Vegetarian Chicks - Longtime vegan, new to dieting

View Full Version : Longtime vegan, new to dieting

05-20-2011, 11:21 AM
Hi everyone. I've been vegan for 14 years, and I was slim for a long time, but unfortunately I'm almost entirely housebound, and sometimes bedbound, due to disability (severe ME/CFIDS), and I've ended up putting on quite a bit of weight. When I started new meds that happened to suppress my appetite a little recently, I decided to take the opportunity to try to lose weight.

A month on, it's going very nicely. Appetite is OK, tracking is fine (FitDay), clothes are starting to feel a bit looser, and the bathroom scales arrived a couple of days ago. I'm naturally a good cook and healthy eater, so the main things I am doing are calorie counting, avoiding obvious things like biscuits or crisps, being careful about snacking, making one meal a day (usually lunch) soup and/or salad, drinking lots of water, eating more wholegrains, combining proteins where possible.

The one thing I'm confused about, however, is macronutrient ratios. I've been hanging around the FitDay forums, but while they're a nice bunch, they are heavily biased toward low-carb, high-protein diets with lots of animal foods, and as a vegan I'm not really feeling like we're on the same page in this respect. While snooping around last night, I found the McDougall site and read a lot of articles. It was a relief to be reading something that wasn't pushing animal foods or demonising perfectly innocent wholegrains all the time, but to be honest I found some of his writing rather suspect, especially his rants about how all fats are evil, and the 80/10/10 ratio seems as extreme as the 40/30/30. (Especially since my ME improved noticeably after I started supplementing with essential fatty acids. Humans need some fat, damnit.)

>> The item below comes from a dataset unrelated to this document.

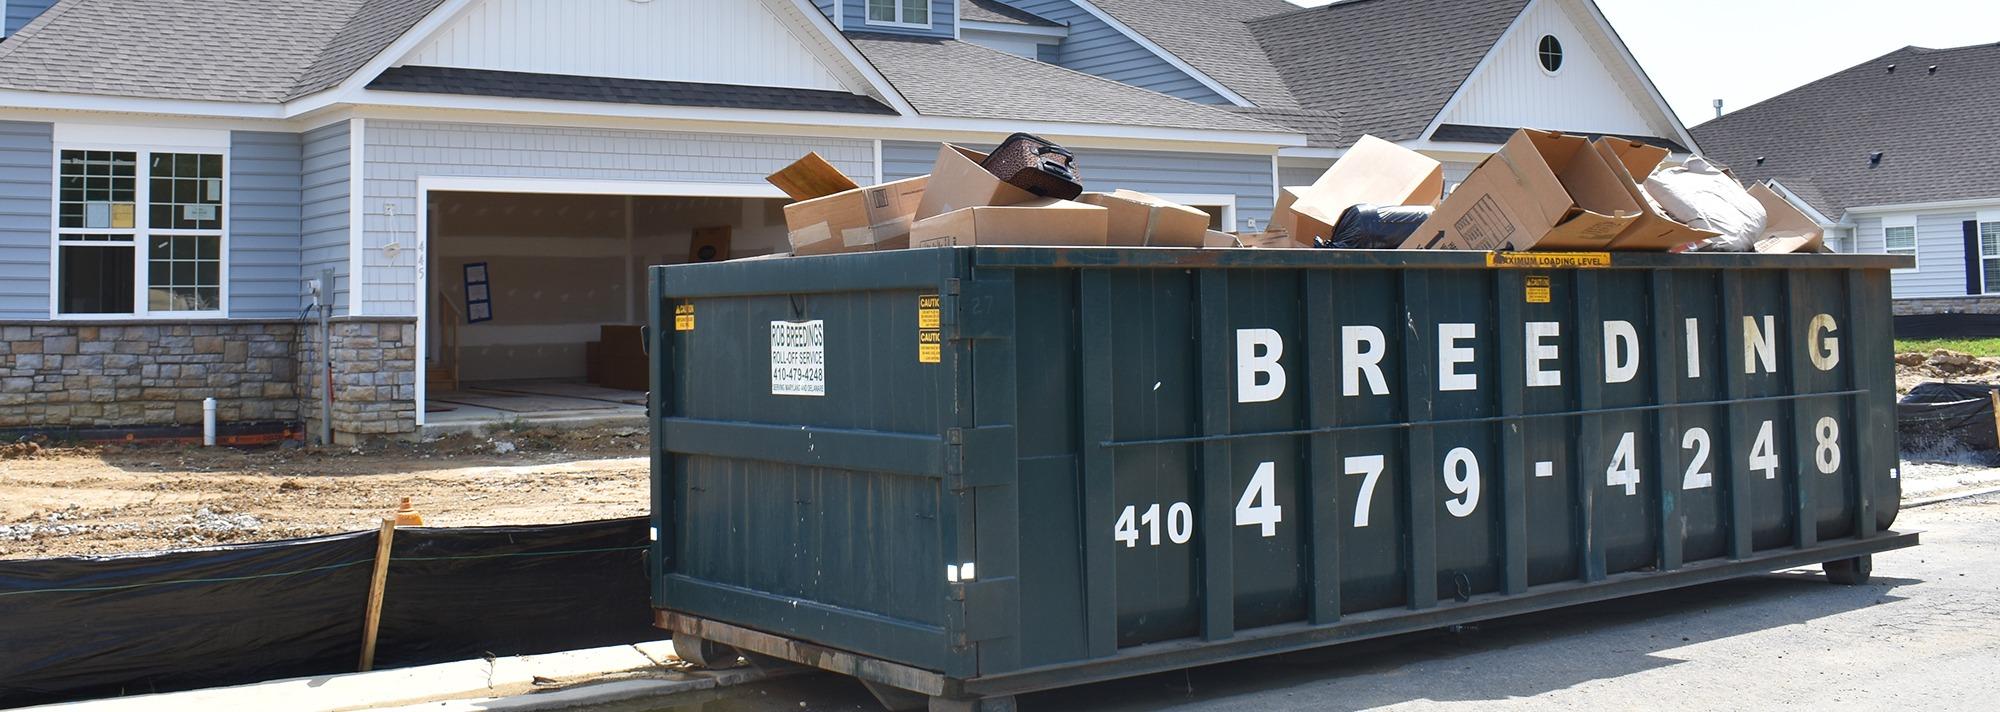 driveway dumpsters
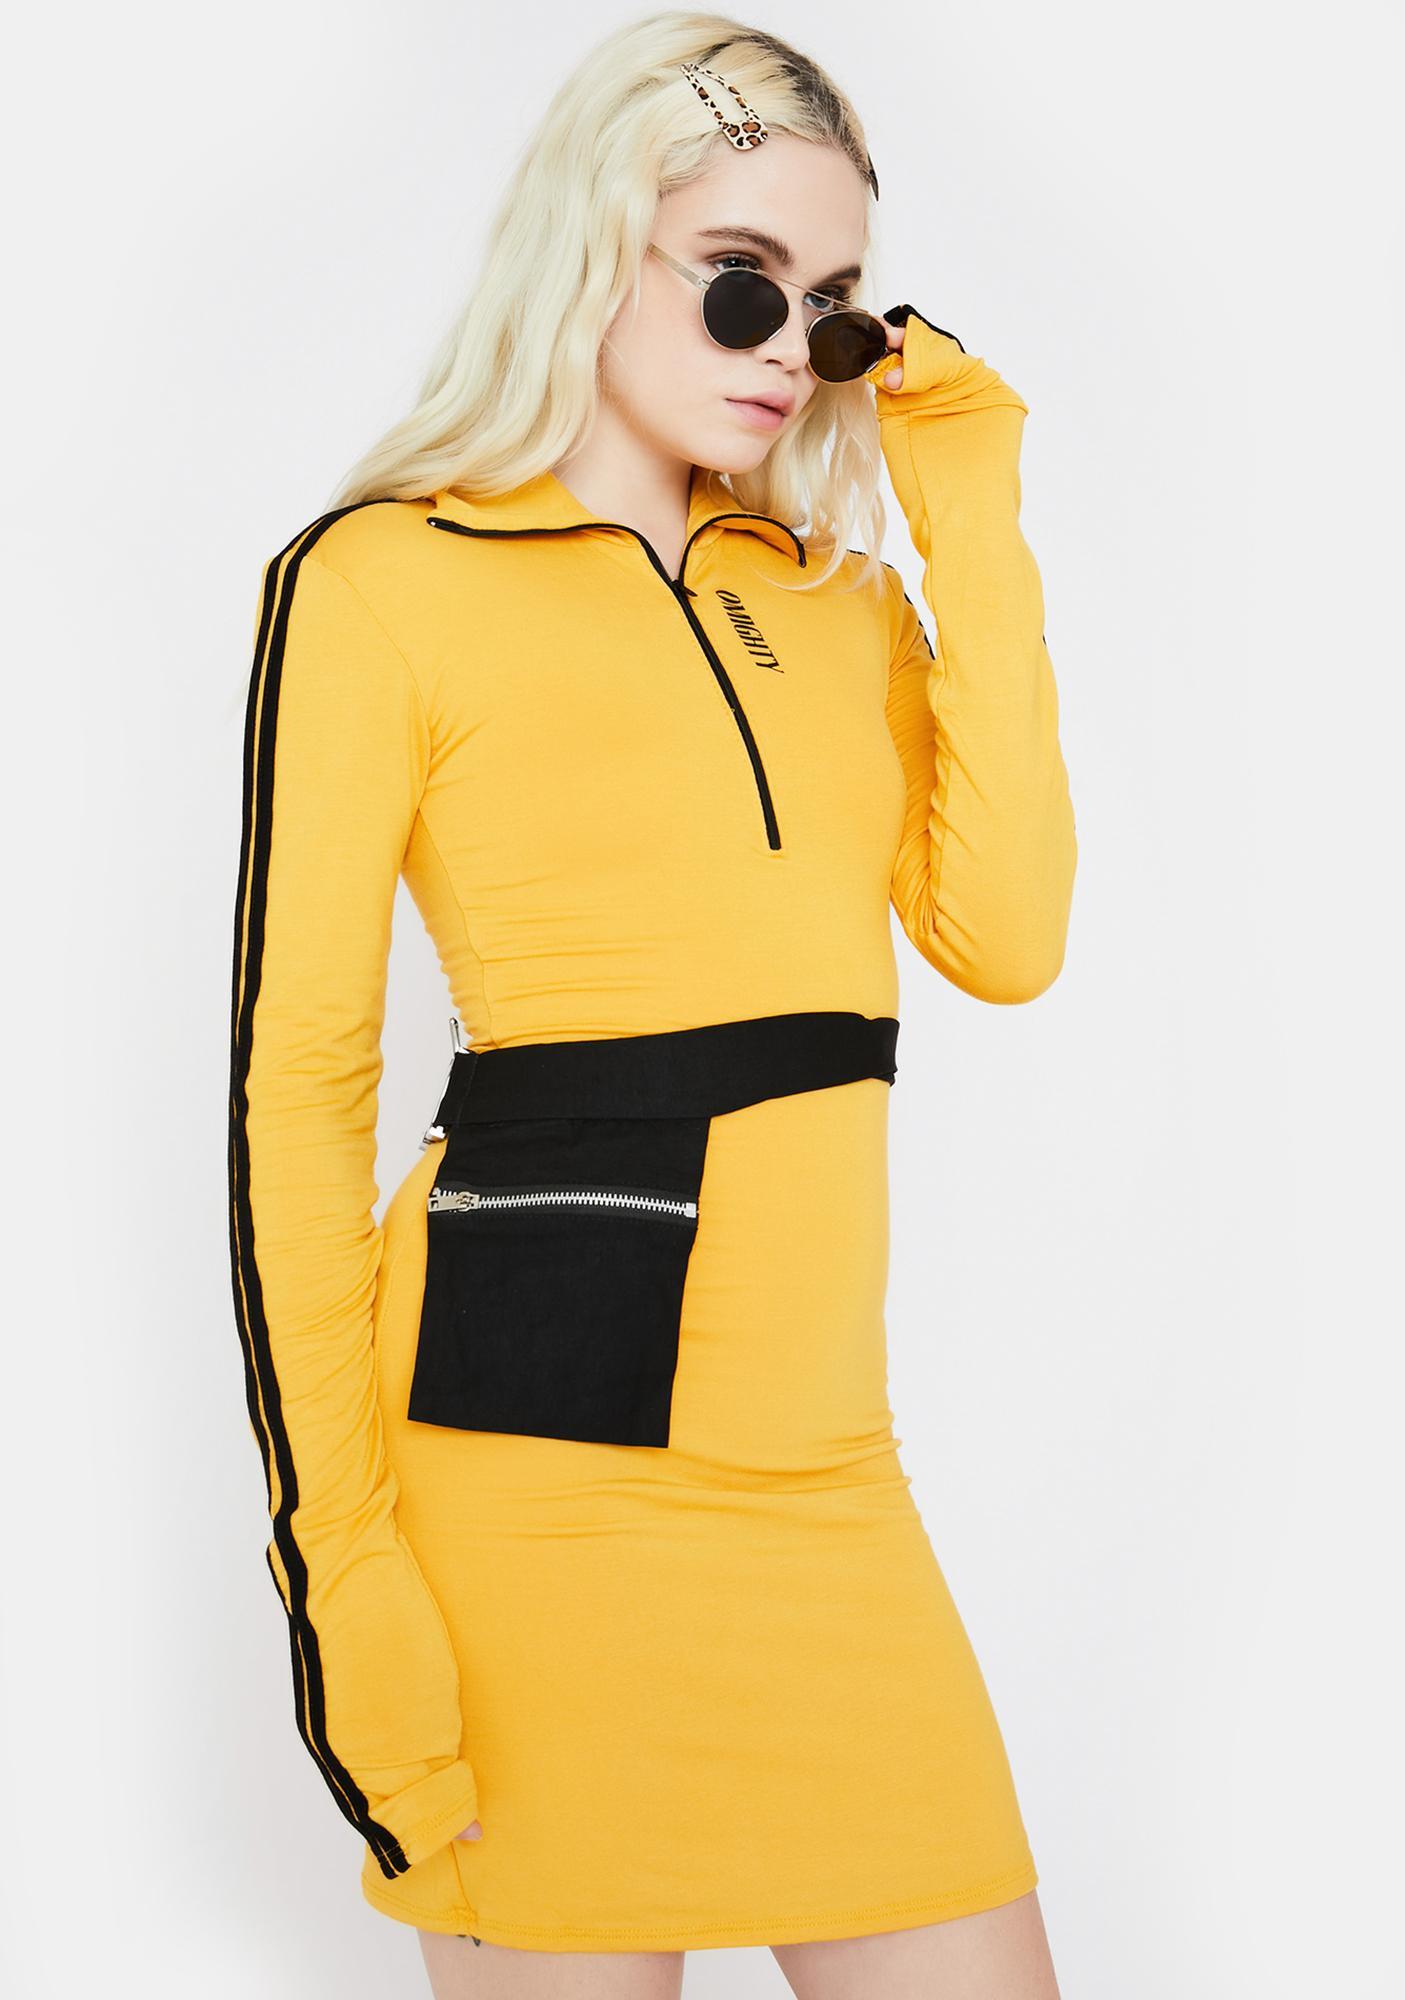 O Mighty Player 3 Mini Dress

So what sort of ratios do most vegans go for? For the last week, I have been at 58C/21F/18P, though before that the fat was higher and the protein and carbs a bit lower. The main thing that's new is that I'm trying to have porridge in the morning every day, and I've started added soy protein isolate to it since everyone is making me feel that I should have more protein. And indeed I end up with more protein, but I still don't know if it's the right amount, plus 10g protein powder spoils the taste of the porridge enough that I have to add a couple of chopped dates to cover it. This morning I went for 5g protein powder instead plus a teaspoon of a chopped nut/seed mix I made up a while ago, and still ended up adding a bit of molasses to stop it tasting odd. (It probably didn't help that I was feeling nauseous, I think I need to be careful to take my meds with meals rather than just before.) I could probably cope with the protein powder if it's the best thing for me, but after reading the McDougall site I'm not sure of that any more either! Advice, folks?

(By the way, I'm visually impaired, so please don't put in smilies or change the text formatting, and plentiful paragraph breaks are much appreciated.)

05-23-2011, 03:12 PM
Every time that I've tracked my intake on a site like that, it shows that I eat at least 60% carbs, 15-20% fats, 15-20% protein.

I think quality of food is more important that macronutrient percentages, but that's my opinion and what works for me.

As a vegan, I tend to base all of my meals around whole grains, beans, and vegetables, all of which are loaded with carbs. I will usually also add a teaspoon or two of a healthy oil like olive oil.

I've learned to stop caring about the percentages, because with all of the low-carbing that goes on, it just makes me feel bad or less than when my pie-chart's carbs are so plentiful.

I think that your eating plan sounds great!

05-24-2011, 07:18 AM
You're quite right. I think it's just that I'm new to this and trying to find my way amongst the huge amount of conflicting advice out there. I've been vegan for 14 years, I know how to cook, I know how to balance a diet, and I know how to follow a wholefoods diet, so I should really stop fussing! I've ordered a couple of different brown rices to try to lure me back to that, since brown rice is one of the areas I struggle with. Finding a nice one is the key, usually: I eventually found a good wholewheat pasta, and red Thai rice turns out to be stunning in miso soup. The other problem is just keeping up with the cooking, which is trickier as I'm disabled, and managing to keep hunger at bay and cope with it when it does break through. I'm starting to get to the point when I wonder if boredom will be a problem with this salad-and/or-soup-for-lunch deal, but for the time being I am going to try to overcome this through more creative cooking.

Meanwhile, home-grown beansprouts seem to be a great snacking food. I've a feeling the nutritional data on them is incorrect, if it's doing what I think and analysing the sorts of beansprouts you buy where the bean is missing and the root is long and mostly water. The ones I grow have very short tails and of course the bean is still very much part of it, so they're probably higher in calories, protein and so forth. Any idea where I could find the correct data? I've googled my heart out and I keep getting the same results.